We can also use this idea to find lower bounds on the number of states required for the DFA recognizing the result of language operations. For example, recall that we showed that we can use the product construction to obtain a DFA that recognizes the intersection of two regular languages. If the two languages have DFAs of size $m$ and $n$, then the product construction gives a DFA with up to $mn$ states. But do we really need that many? We can show that there exist languages for which we do need all of those states.

Example 11.2. Let $\Sigma = \{0,1\}$ and let $L_m = \{w \in \Sigma^* \mid |w|_0 = 0 \pmod m\}$ and $L_n = \{w \in \Sigma^* \mid |w|_1 = 0 \pmod n\}$. Then $L_m$ can be recognized by a DFA with $m$ states and $L_n$ can be recognized by a DFA with $n$ states (you can try to find the DFAs yourselves as an easy exercise).
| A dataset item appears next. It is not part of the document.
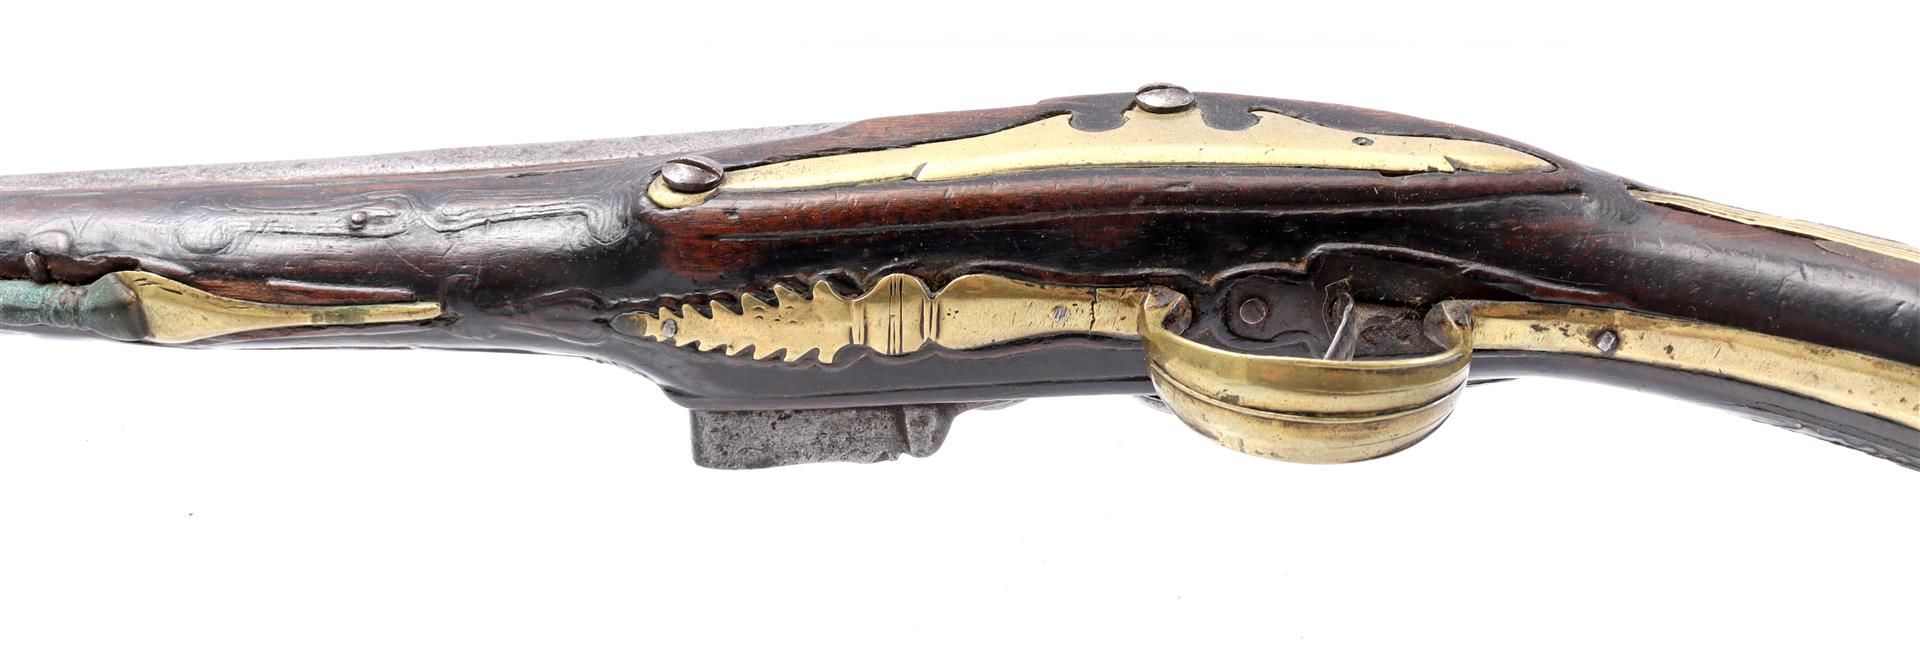 Walnut, brass and metal flint pistol - Image 8 of 8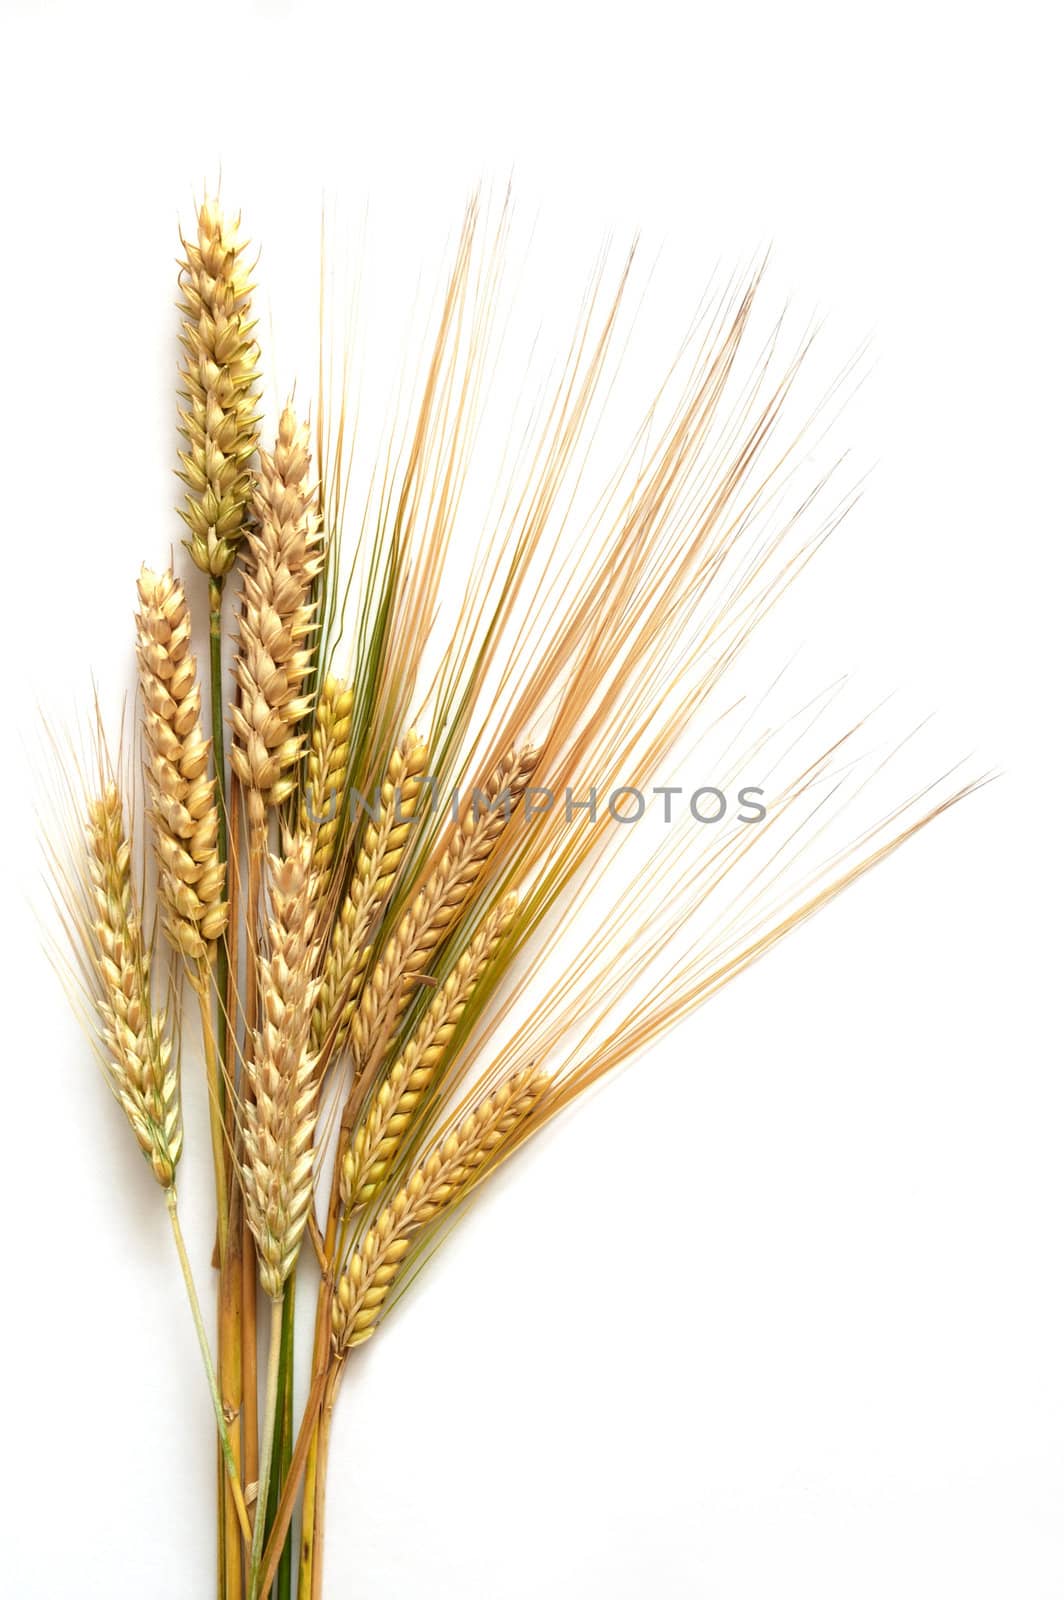 Wheat by tornellistefano

Then $$L_m \cap L_n = \{w \in \Sigma^* \mid |w|_0 = 0 \pmod m, |w|_1 = 0 \pmod n\}.$$ So we need to consider the equivalence classes of $\equiv_{L_m \cap L_n}$.

We will consider strings $0^i 1^j$ with $0 \leq i \lt m$ and $0 \leq j \lt n$ to be our representatives for the equivalence classes. To show that these are all distinct, we consider two words $x = 0^i 1^j$ and $y = 0^k 1^\ell$ with $0 \leq i, k \lt m$, $0 \leq j, \ell \lt n$, and $x \neq y$. This means that $i \neq k$ or $j \neq \ell$ (or both). We suppose $i \neq k$; the $j \neq \ell$ case follows a similar argument.

We choose the word $z = 0^{m-i} 1^{n-\ell}$. Then $xz \in L_m \cap L_n$ but $yz \not \in L_m \cap L_n$. To see this, the number of $0$s in $xz$ is $i + m - i = 0 \pmod m$ and the number of $1$s in $xz$ is $j + n - j = 0 \pmod n$. But the number of $0$s in $yz$ is $k + m - i \neq 0 \pmod m$ if $k \neq i$. So $z$ distinguishes $x$ and $y$.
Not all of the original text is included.